Along with the news that real GDP growth improved from -0.7 percent in the second quarter to 3.5 percent in the fourth quarter, the Bureau of Economic Analysis (BEA) released detailed National Income and Product Account tables...These tables make it very clear that the $787 billion stimulus package had virtually nothing to do with the improvement. Of the 4.2 percent improvement, more than half (2.36 percentage points) was due to firms cutting inventories at a less rapid pace, which has nothing to do with the stimulus. (For the details look at BEA’s Table 2 which shows that the contribution of inventory investment increased from -1.42 to .94 which equals 2.36.)

What about the other components of GDP? In particular what about government spending, which was supposed to be a big part of this stimulus? Government spending was a negative factor, subtracting 0.9 percentage points from the change in GDP growth.

(emphasis mine)

While nothing about Taylor's math is technically inaccurate, his interpretation strikes me as way off. Taylor is looking at a table which breaks down the sources of the percentage change in GDP growth and then taking the difference between the two:

Examined in this manner, you certainly do get that there was a 0.9 percentage point drop in the contribution of government spending to GDP growth. (Here is a good explanation of the difference between percent and percentage point.)

But being a "negative factor" for the change in GDP growth isn't the same thing as saying government spending "had virtually nothing to do" with GDP growth, which is of first-order importance. (Gov't spending did contribute to GDP growth -- it was 0.48 percentage points of the total 3.5% gain as the table above shows. It just contributed less to GDP growth than it did the previous quarter.)

I'm not arguing that government spending was a huge part of the Q3 GDP story, but as Noam first wrote last week, it certainly doesn't mean the opposite either:

Meanwhile, federal government spending increased at a 7.9 percent rate after increasing 11.4 percent in the third quarter, which means we're moving past the point where the stimulus is going increase GDP growth. (That's not the same as saying the stimulus is decreasing GDP. The stimulus is still inceasing the overall level of GDP. But obviously growth is the change from one quarter to the next, so a smaller absolute increase is actually a drag on the change in GDP growth.)

So, why is Taylor bending over backwards here?
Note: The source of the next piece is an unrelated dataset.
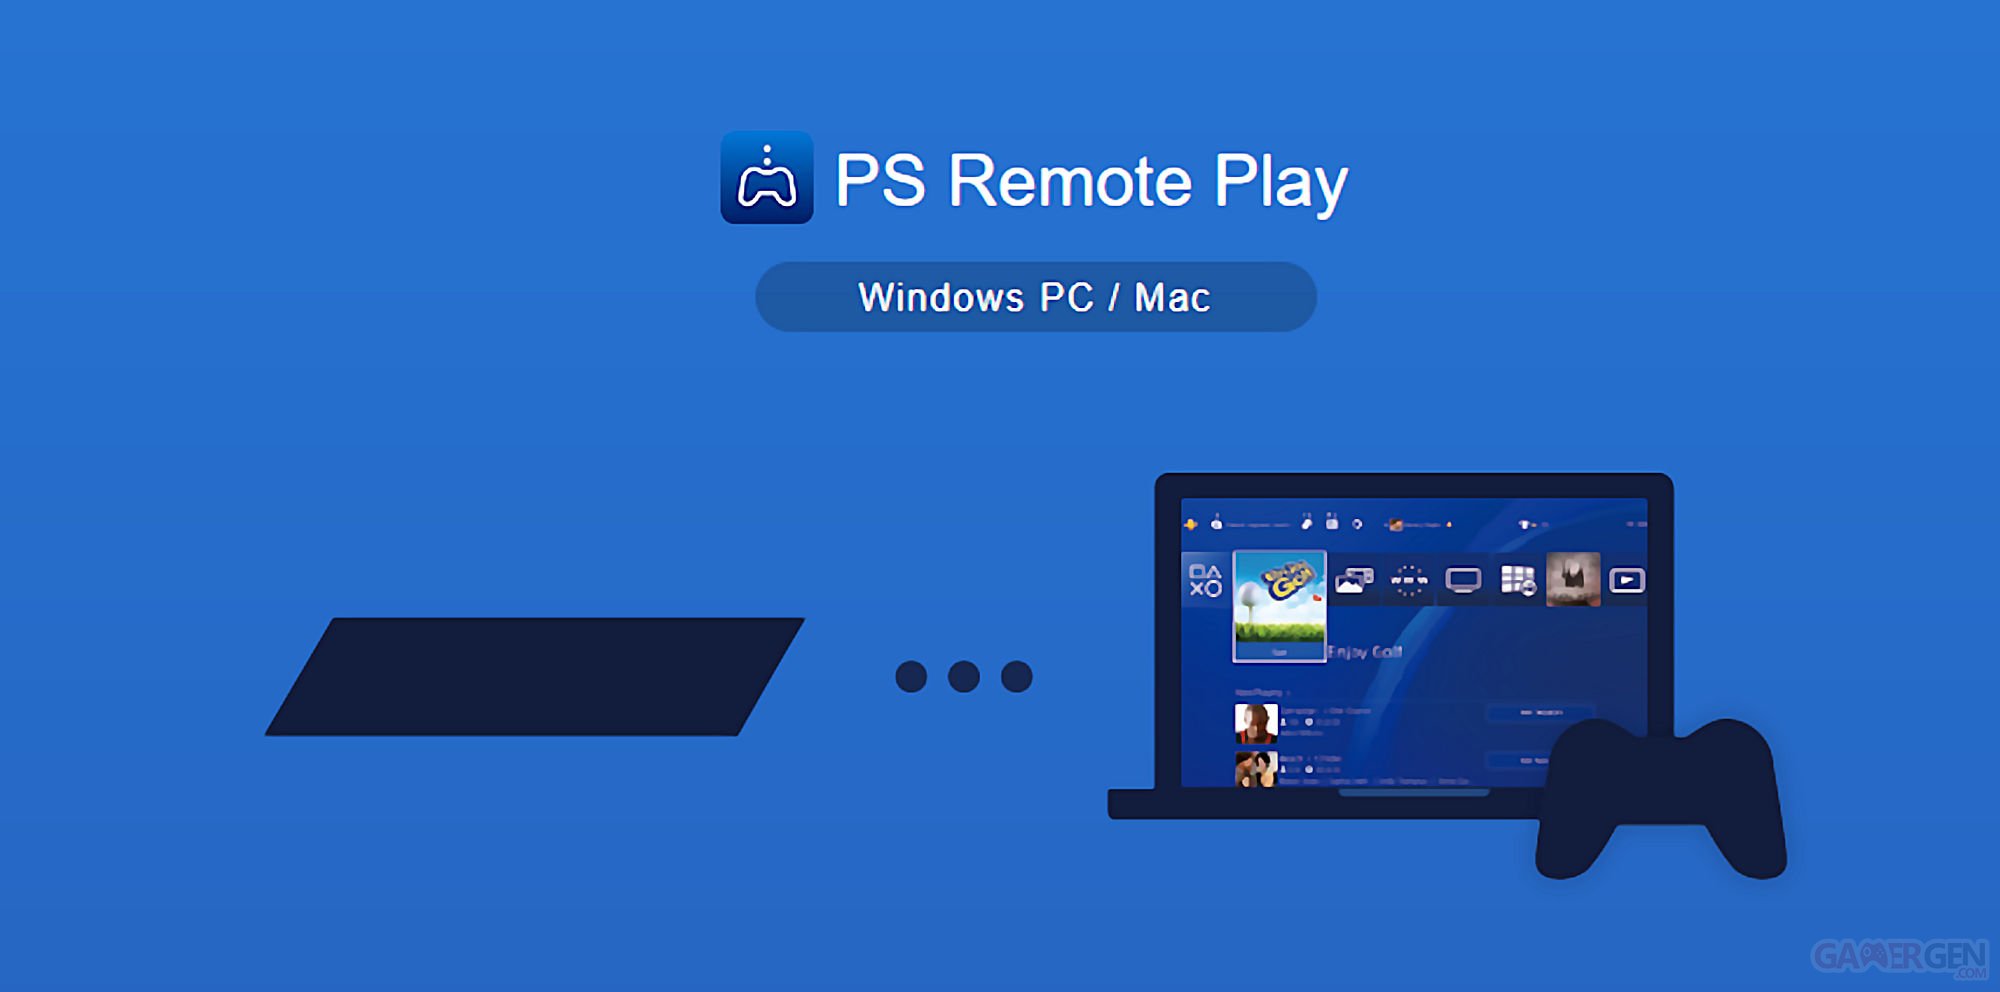 Ps5 portal remote. PS Remote Play. Ps4 Remote Play. Дистанционное управление пс4 с ПК. PS Remote Play Windows 10.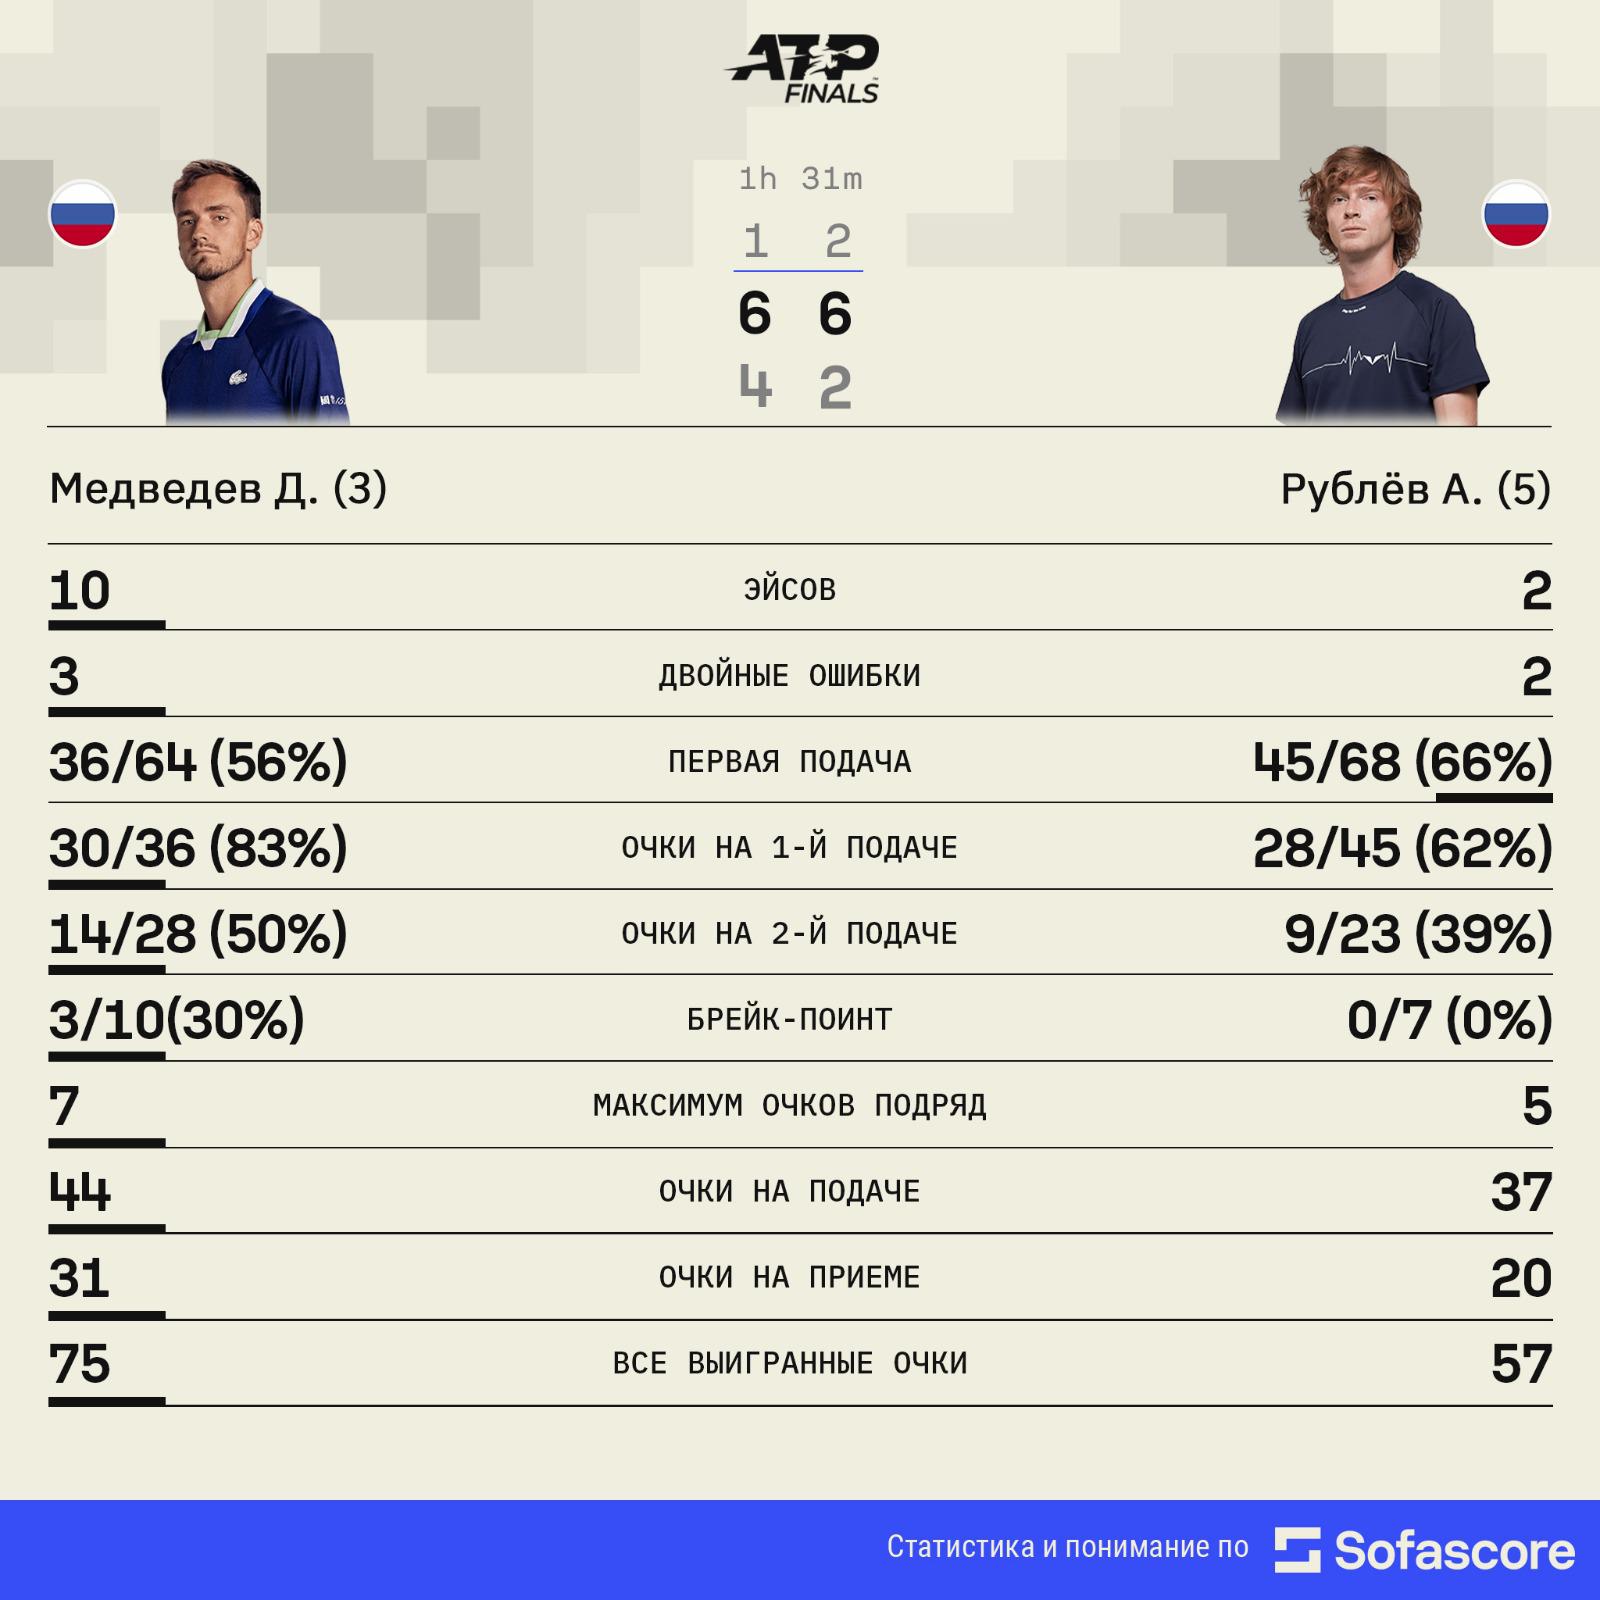 Медведев победил Рублева на Итоговом турнире ATP

My pet belief about these things is that any academic economist who advises a political candidate loses much of his or her credibility. Taylor is -- along with many top university economists -- probably no exception here, most recently working for John McCain during the '08 elections. But it's also a bit of the chicken-and-egg dilemma, too: Is Taylor pushing this particular view of Q3 GDP because of his prior beliefs, or did becoming a cog in a political party's machine change his views? It's probably the first, but having to ask this question means that politics and academia don't mix well. There's certainly a strong incentive for academics to become liars about their own beliefs or ignore what they've learned when they choose to work for political candidates, which just seems seriously inefficient.

On the other hand, I suppose you could argue that it's a lot easier to ignore Taylor now, whereas hardcore partisans like Krugman and Casey Mulligan (both of whom I don't believe have ever officially advised a candidate) can still get mileage out of their relatively pure academic credentials.

P.S.: According to the link at the top of this post, Krugman is the 8th most influential economist in the world and Mulligan is ranked 309, which isn't too shabby either. 

P.P.S.: One simple way to assess the relative impact of government spending on the final GDP number is to compare it with the impact of other areas at the same categorical level. These other areas are personal consumption expenditures, gross private domestic investment, and net exports. By the table above, the average absolute value for all four categories in the second quarter was 1.68 percentage points and 1.15 in the third quarter. So, gov't spending's impact on GDP was 80% of the average in Q2 and 42% of the Q3 average.